No one at Ibn Sina may ever feel as useful or needed as they do saving lives in Baghdad. It is not that the trauma crews hope for more wounded. It is not that they want the war to limp on forever. But they have an overwhelming desire to put their training into practice. The same can be said about medics like David Mitchell -- about almost any soldier doing medicine here.
"We're like vultures, kinda," a nurse explains late one night as we sit waiting for the thump of incoming helicopters. "This is what we do. We're not out there stopping the fighting, so we're waiting to go to work."
For them trauma is exciting. A cloud descends, blocking out the rest of the world. There is only the work, the bright red immediacy of blood. In the trauma room, a simple truth rises above the gasp of breathing machines and the high, frantic voices: Life is everything; it is all that matters. The details come later.
Part Two: Home Front
Jason Welsh held the phone close and lied to his mother. He told her he'd been in a car wreck in Iraq, but he was fine. "I think I broke my jaw pretty good," he said, "but that's all." The lie made sense. Telling the truth, that he'd been blown up by a roadside bomb, his neck was broken, his face smashed, that three men died beside him, somehow didn't seem right.

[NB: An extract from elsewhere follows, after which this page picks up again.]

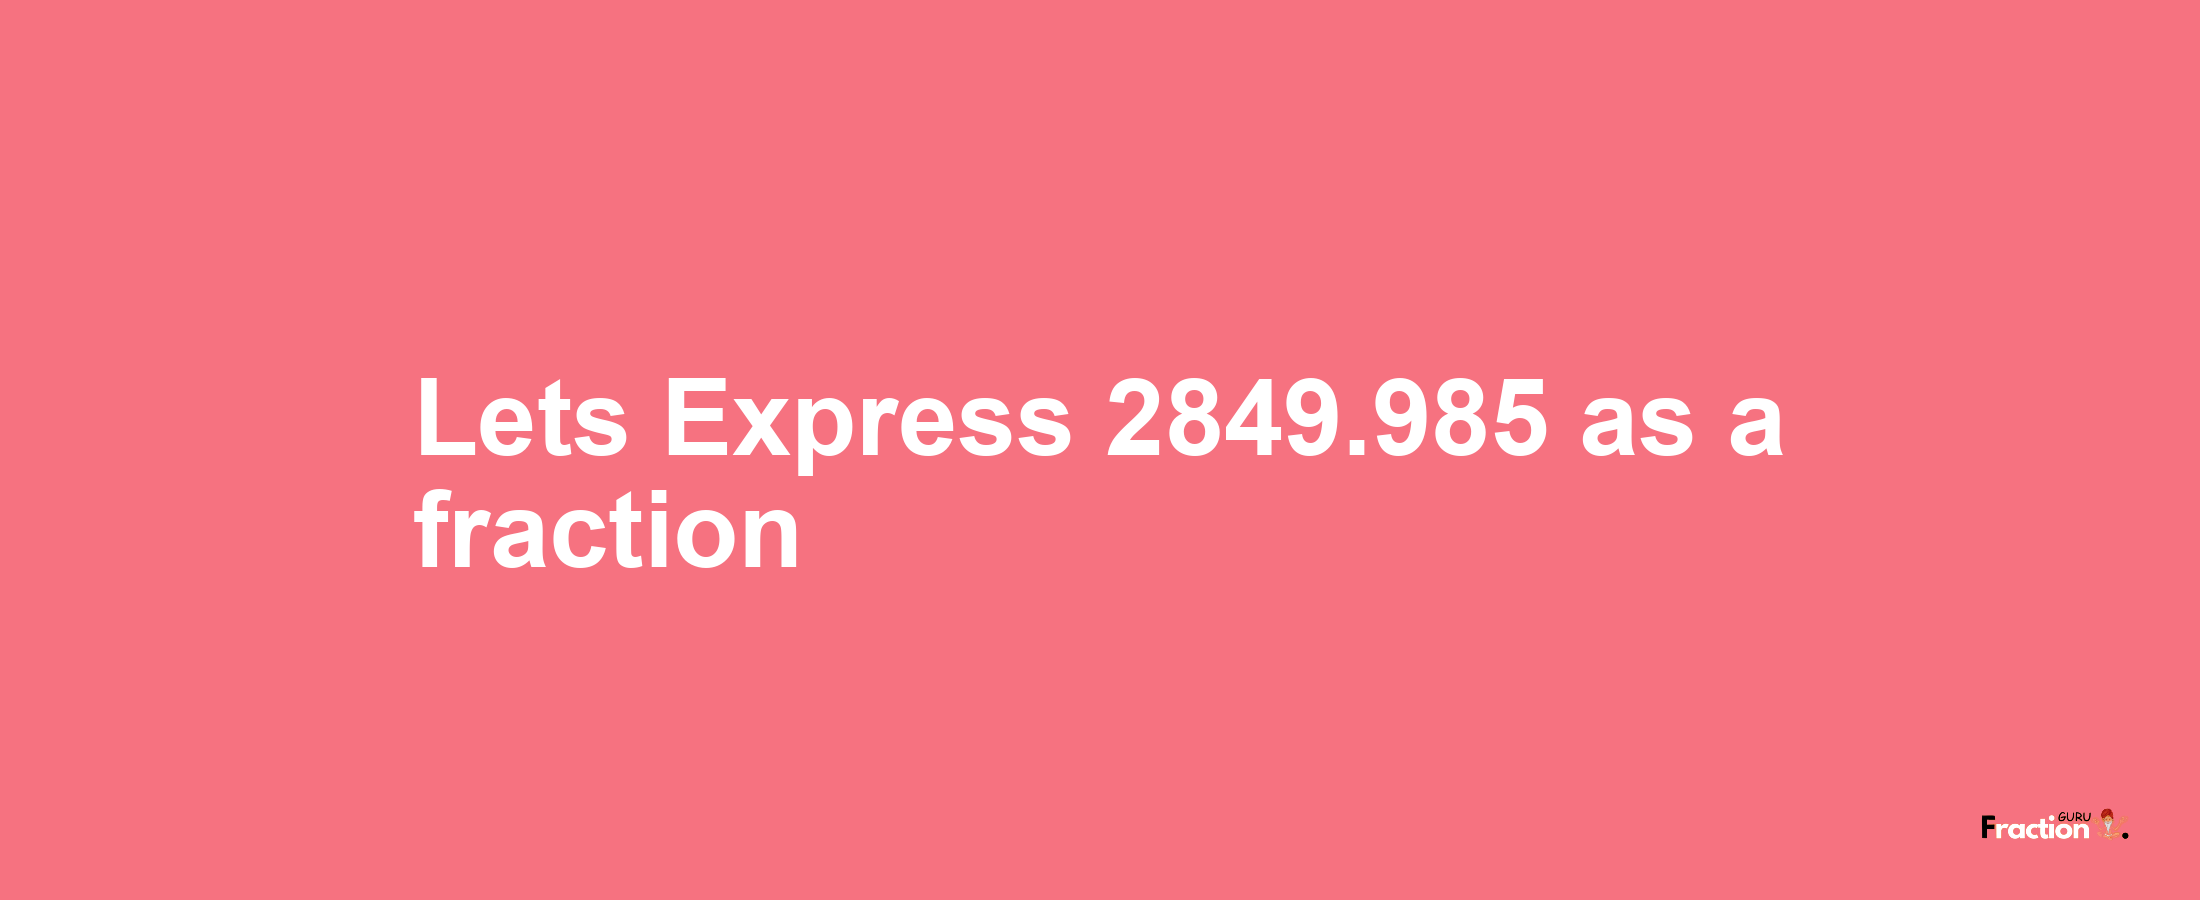 Lets Express 2849.985 as afraction

Welsh, 25, remembers thinking, If I don't tell her, it'll be OK. It'll be like it didn't happen.
Lynne Welsh, listening in Oklahoma, didn't believe him. Her mind spun. Fear flooded in. "I was so scared my voice got weak," she says. "I finally asked him, 'How are your arms and legs?'"
The question reveals the dread of every military parent, spouse, girlfriend, or boyfriend. The answer would shape the Welshes' future. Dreams would survive, or shatter. "My arms and legs are fine, Momma," Welsh said, and that, as far as it went, was the truth. Some 20,000 American service members have been injured since the war in Iraq began in 2003. Medical technology and the sheer speed of rescue and treatment have increased soldiers' chances of surviving wounds that would have killed them in previous wars. But any notion that body armor and medicine have somehow made this war safe is unfounded. Stacking armor on troops and vehicles has only bred more accurate snipers, more devastating bombs. Medicine, while more advanced than in previous wars, cannot wipe out the brutality of the battlefield.